One interesting way to think of a functor is as a “realization” of one category inside another. In particular, because the composition structure of $\mathbf{C}$ is preserved by a functor $\mathbf{C} \to \mathbf{D}$, it must be the case that all commutative diagrams are “sent” to commutative diagrams. In addition, isomorphisms are sent to isomorphisms because if $f, g$ are inverses of each other, $1_{\mathscr{F}(A)} = \mathscr{F}(1_A) = \mathscr{F}(gf) = \mathscr{F}(g)\mathscr{F}(f)$ and likewise for the reverse composition. And so if we have a functor $\mathscr{F}$ from a poset category (say, the real numbers with the usual inequality) to some category $\mathbf{C}$, then we can realize the structure of the poset sitting inside of $\mathbf{C}$ (perhaps involving only some of the objects of $\mathbf{C}$). This view comes in handy in a few places we’ll see later in our series on computational topology.

## The Hom Functor

There is a very important and nontrivial example called the “hom functor” which is motivated by the category of vector spaces. We’ll stick to the concrete example of vector spaces, but the generalization to arbitrary categories is straightforward. If the reader knows absolutely nothing about vector spaces, replace “vector space” with “object” and “linear map” with “morphism.” It won’t quite be correct, but it will get the idea across.

To each vector space $V$ one can define a dual vector space of functions $V \to \mathbb{C}$ (or whatever the field of scalars for $V$ is). Following the lead of hom sets, the dual vector space is denoted $\textup{Hom}(V,\mathbb{C})$. Here the morphisms in the set are those from the category of vector spaces (that is, linear maps $V \to \mathbb{C}$). Indeed, this is a vector space: one can add two functions pointwise ($(f+g)(v) = f(v) + g(v)$) and scale them ($(\lambda f)(v) = \lambda f(v)$), and the properties for a vector spaces are trivial to check.

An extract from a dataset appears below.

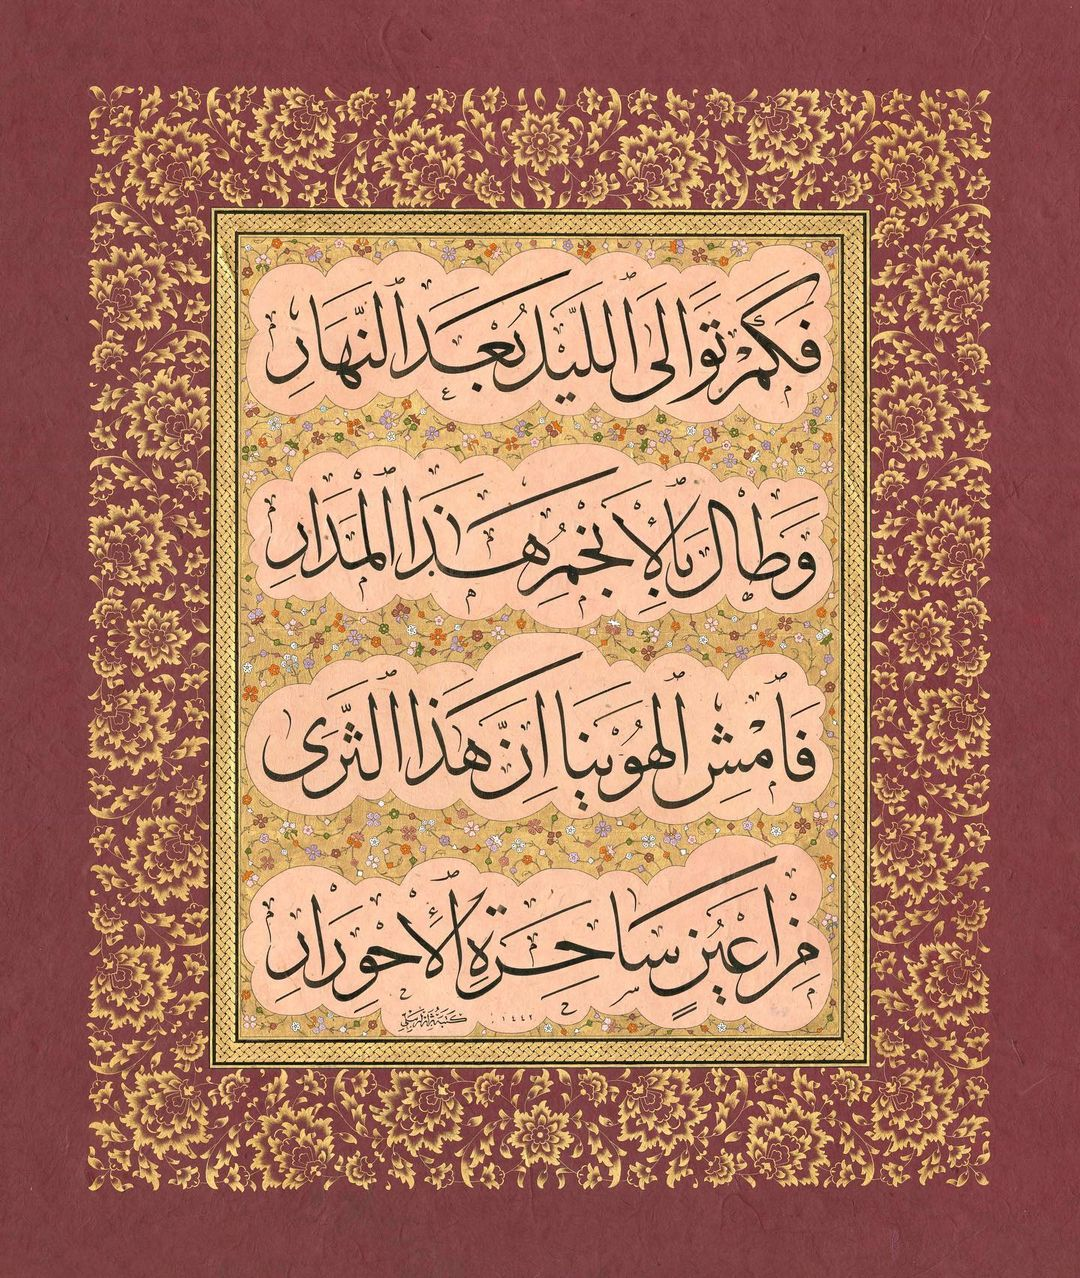 Professional Calligrapher Bijar Arbilly Calligraphy  الحكيم عمر الخيام في احدي رباعياته الجميلة .. بخط الثلث من تذهيب السيدة (Buse) #… 381

Now the mapping $\textup{Hom}(-, \mathbb{C})$ which takes $V$ and produces $\textup{Hom}(V, \mathbb{C})$ is a functor called the hom functor. But let’s inspect this one more closely. The source category is obviously the category of vector spaces, but what is the target category? The objects are clear: the hom sets $\textup{Hom}(V,\mathbb{C})$ where $V$ is a vector space. The morphisms of the category are particularly awkward. Officially, they are written as

$\displaystyle \textup{Hom}(\textup{Hom}(V, \mathbb{C}), \textup{Hom}(W, \mathbb{C}))$

so a morphism in this category takes as input a linear map $V \to \mathbb{C}$ and produces as output one $W \to \mathbb{C}$. But what are the morphisms in words we can understand? And how can we compose them? Before reading on, think about what a morphism of morphisms should look like.

The morphisms in this category can be thought of as linear maps $W \to V$. More specifically, given a morphism $\varphi: V \to \mathbb{C}$ and a linear map $g: W \to V$, we can construct a linear map $W \to \mathbb{C}$ by composing $\varphi g$.

And so if we apply the $\textup{Hom}$ functor to a morphism $f: W \to V$, we get a morphism in $\textup{Hom}(\textup{Hom}(V, \mathbb{C}), \textup{Hom}(W, \mathbb{C}))$. Let’s denote the application of the hom functor using an asterisk so that $f \mapsto f_*$.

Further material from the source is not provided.